Within the last two weeks or so I’ve started getting back on track with running and cleaner eating. Within the last week my eating has been clean again. True Story: I contemplated going back to Weight Watchers. I thought about trying Atkins. I pondered Paleo. I ultimately decided to just track with my FitBit. For no other reason than awareness and accountability. I have found in the last two weeks tracking with my FitBit and eating intuitively that I’m eating about 1500-1800 calories a day depending on how active I am. I am okay with that.
I won’t lie – the past few months have been hard. Ever since I lost the baby I really haven’t had the same motivation and drive that I once had. In fact, real talk time – I kinda had this mentality:
My diet for the last 3 months hasn’t been exactly…clean, should I say. A lot of booze and nachos. Too much booze and nachos, and not enough listening to my body. I heard my body yelling at me that I’d had enough to eat or I was full, but I kept going. I still felt betrayed by my body. I was angry with my body. And you know what fixes that? Shots of Fireball. And nachos. In excess. Between Thanksgiving, Christmas, New Years, parties, Playoffs and the Super Bowl, every weekend ended with “On Monday.” and then Monday ended with “Next Monday.”

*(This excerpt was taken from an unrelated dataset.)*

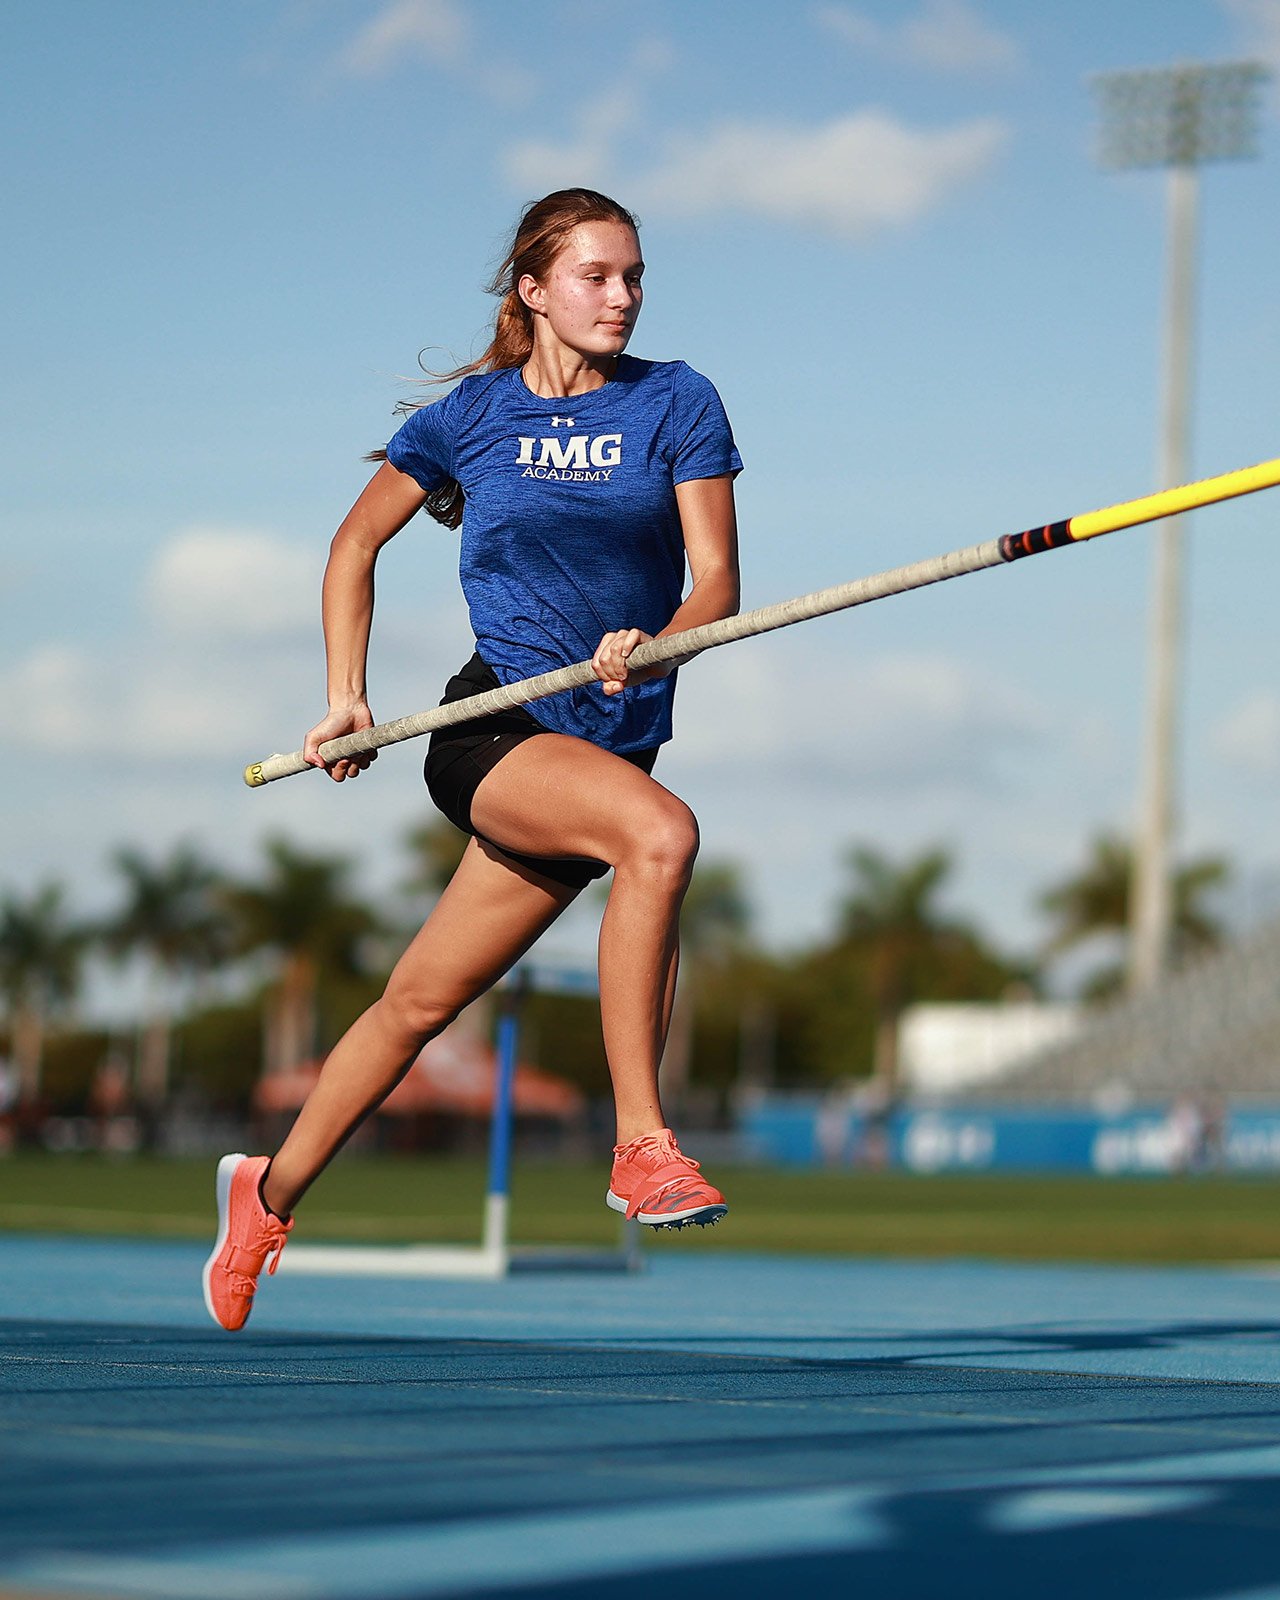 Girls Track and Field Camp Cross Country Camp IMG Academy
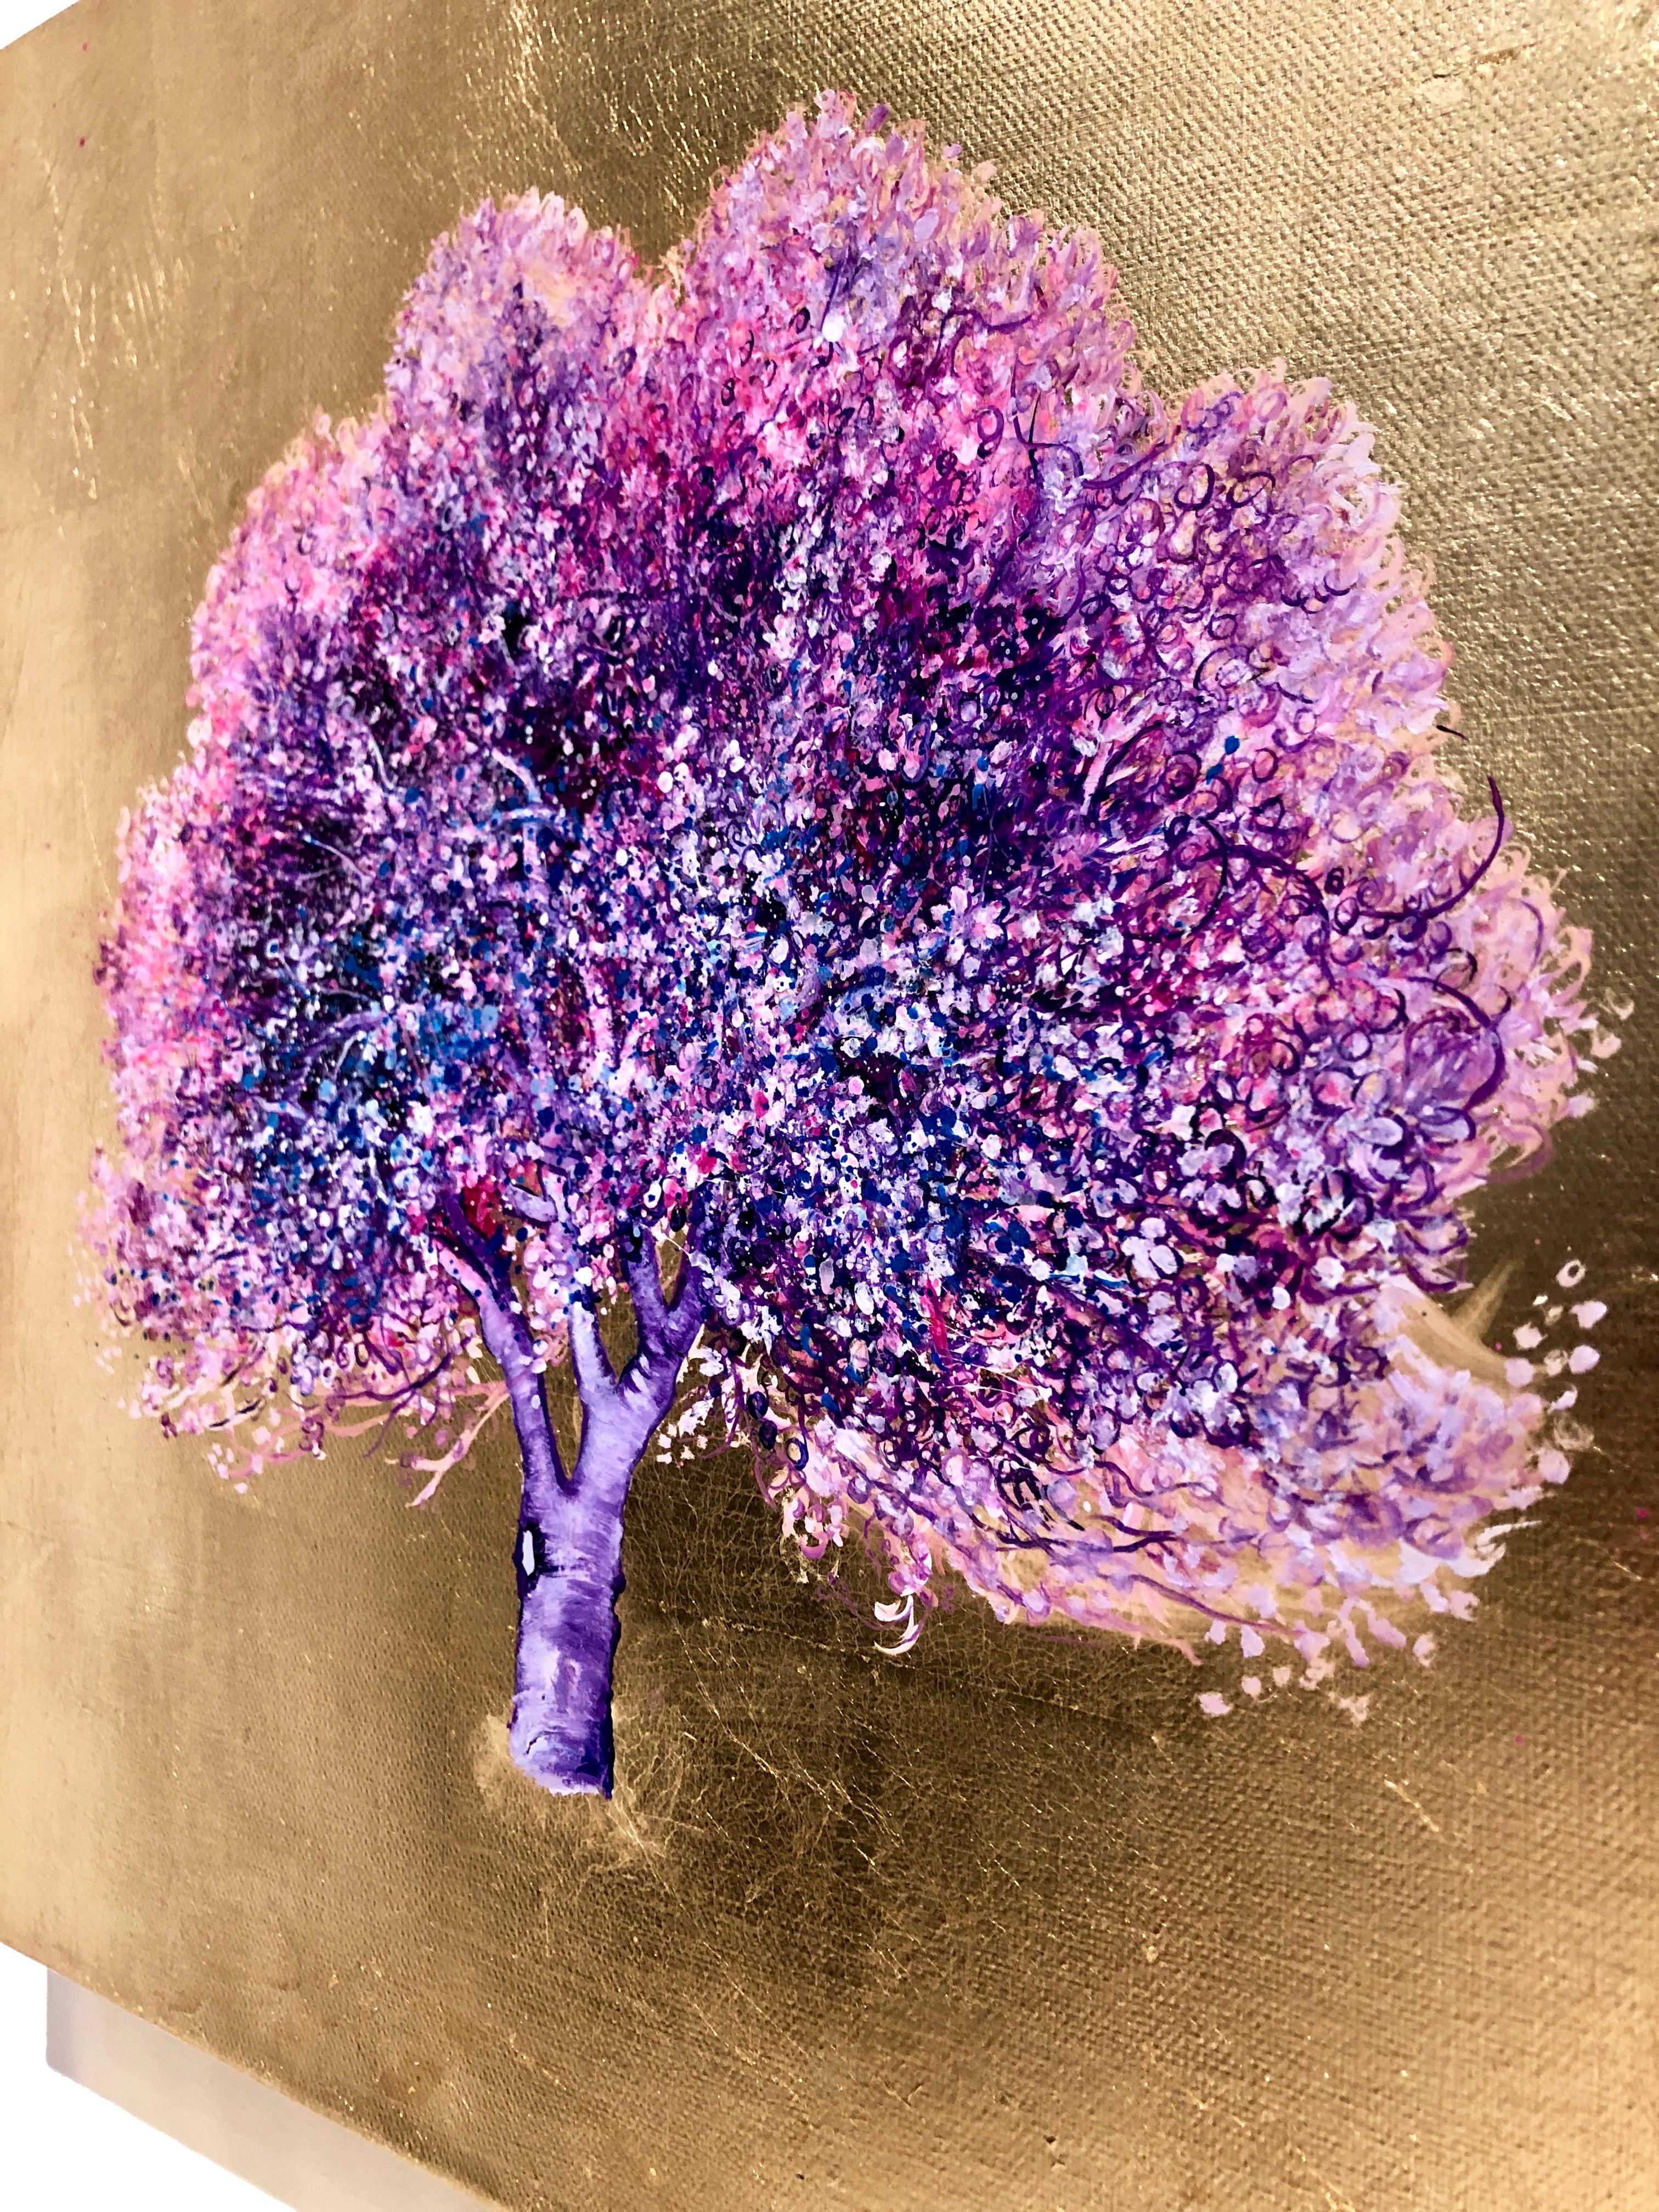 Let the Sunshine In, Purple Blossom Tree, Oil on Canvas Gold Leaf Painting  - Brown Landscape Painting by Anastasia Gklava

Back on January 7th, Kimberly M. Ringer commented with “Please don’t be scared of gaining weight. You know how to take it off…” in response to this post. It’s one of those comments that has stuck with me. “You know how to take it off.” I do know how to take it off! So I will.
Oh, so what was that number on the scale at the Doctor’s today? It doesn’t matter – like Kim said, “You know how to take it off.” I started taking it off 2 weeks ago without the help of a scale, and I will continue to do so. I am more than a number and I will not forget that.